In a sample of 276 women and 182 men, we observed that before stroke women were significantly more disabled as assessed by the Katz ADL scale (16% versus 6%, OR=2.31, P<0.05) and 4 times more likely to be dependent in their living situation (27% versus 6%, OR=4.03, P<0.001). In the acute phase of stroke, women were also significantly more disabled than men (P<0.01) in eating (42% versus 26%, OR=1.56), dressing (59% versus 37%, OR=1.91), grooming (57% versus 34%, OR=2.01), and transfer from bed to chair (59% versus 35%, OR=2.16).

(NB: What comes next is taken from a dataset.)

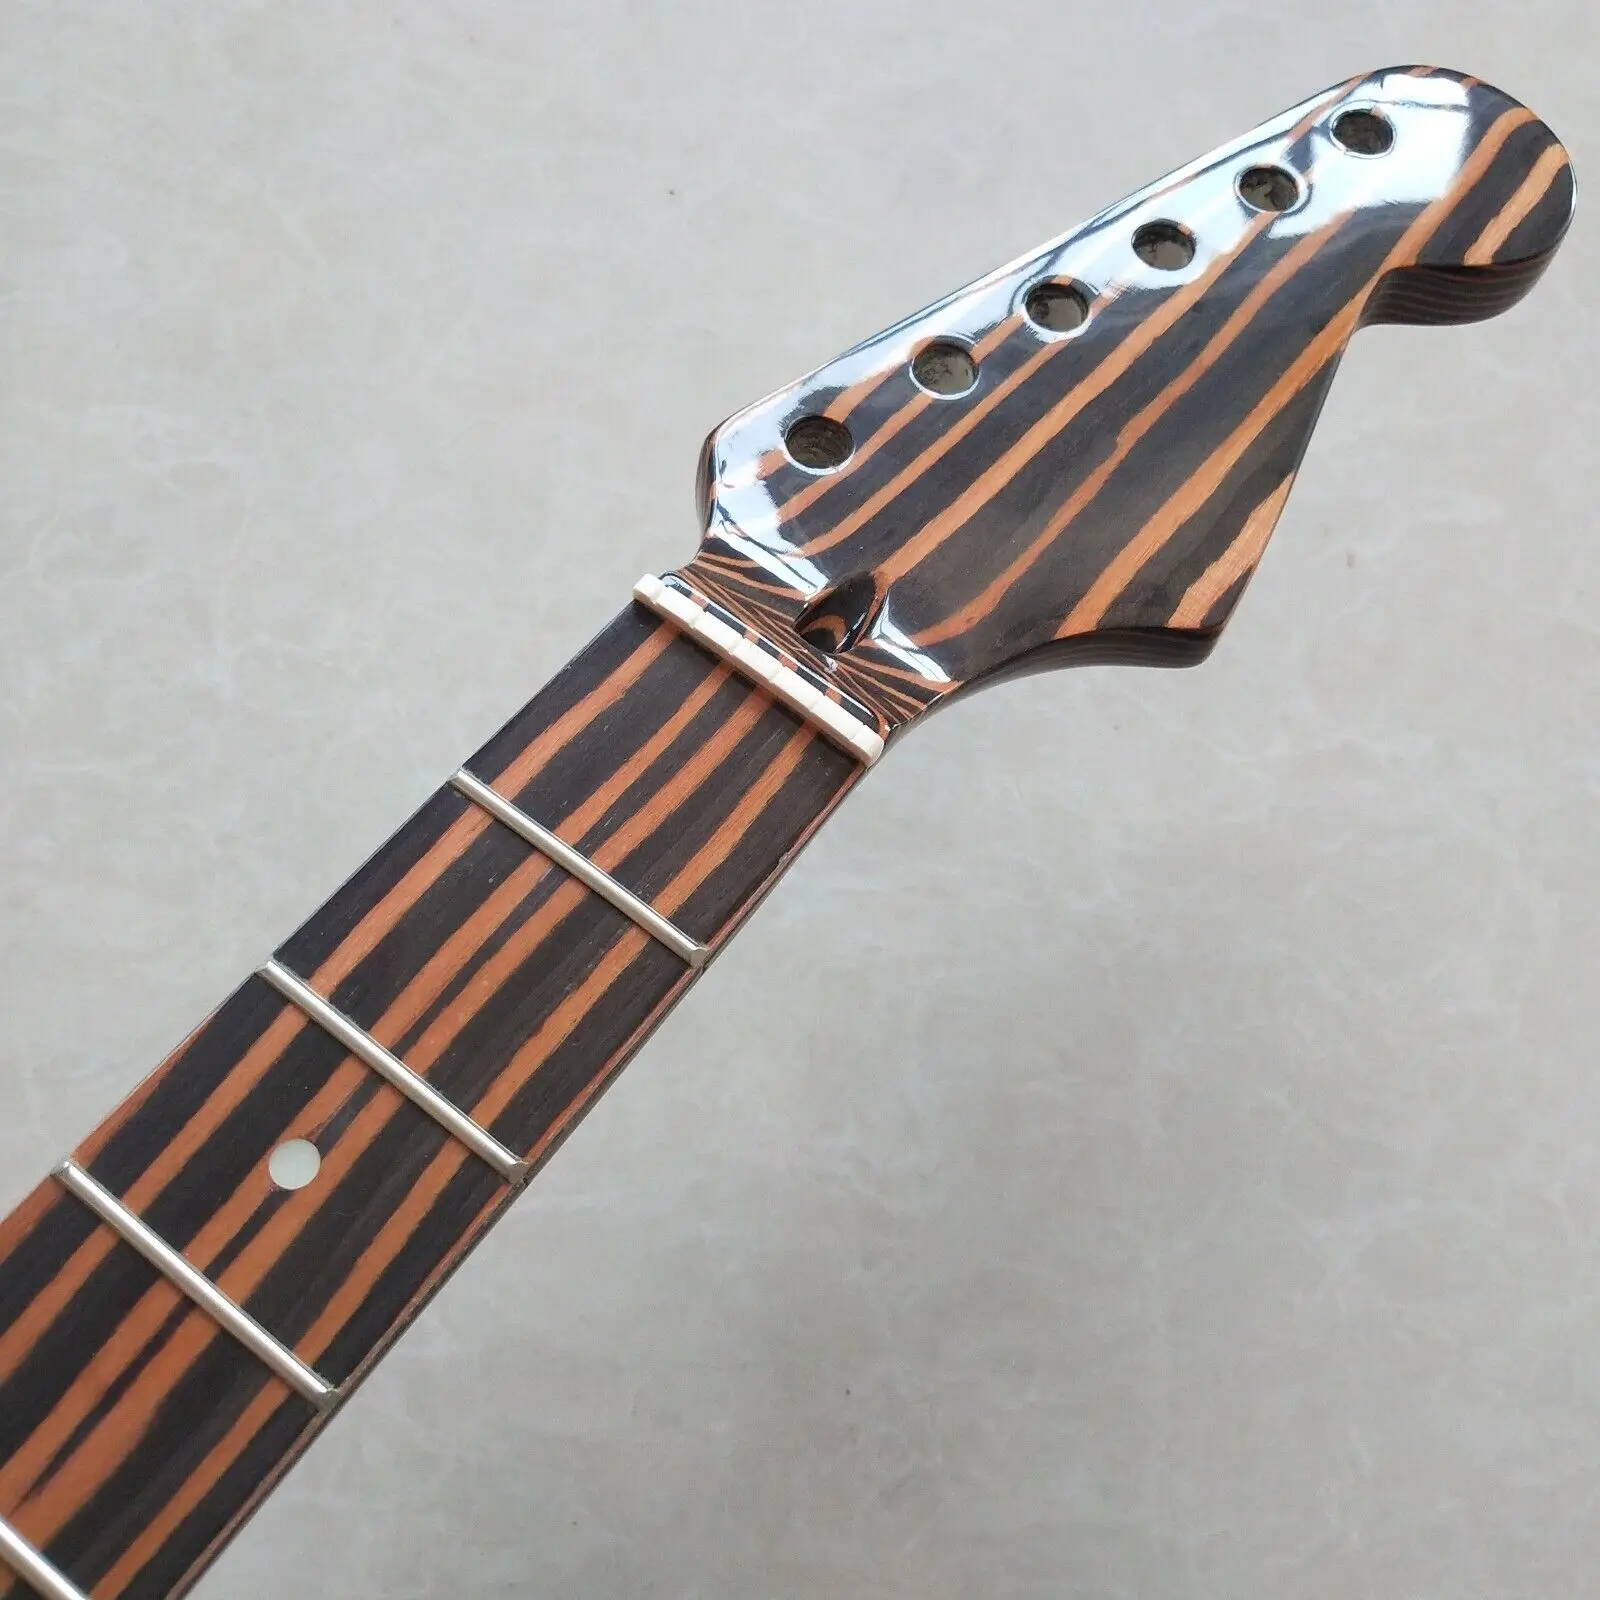 22 Frets Gloss Zebra wood Electric Guitar Neck 25.5in Fretboard dots inlay parts

After adjusting for all the components of the Framingham Stroke Risk Profile27 (SBP, antihypertensive treatment, AF, current smoking, prevalent CVD, and DM) and for the prestroke disability, women were still significantly more disabled than men (P<0.01) in dressing (OR=1.87), grooming (OR=2.11), and transfer from bed to chair (OR=2.31).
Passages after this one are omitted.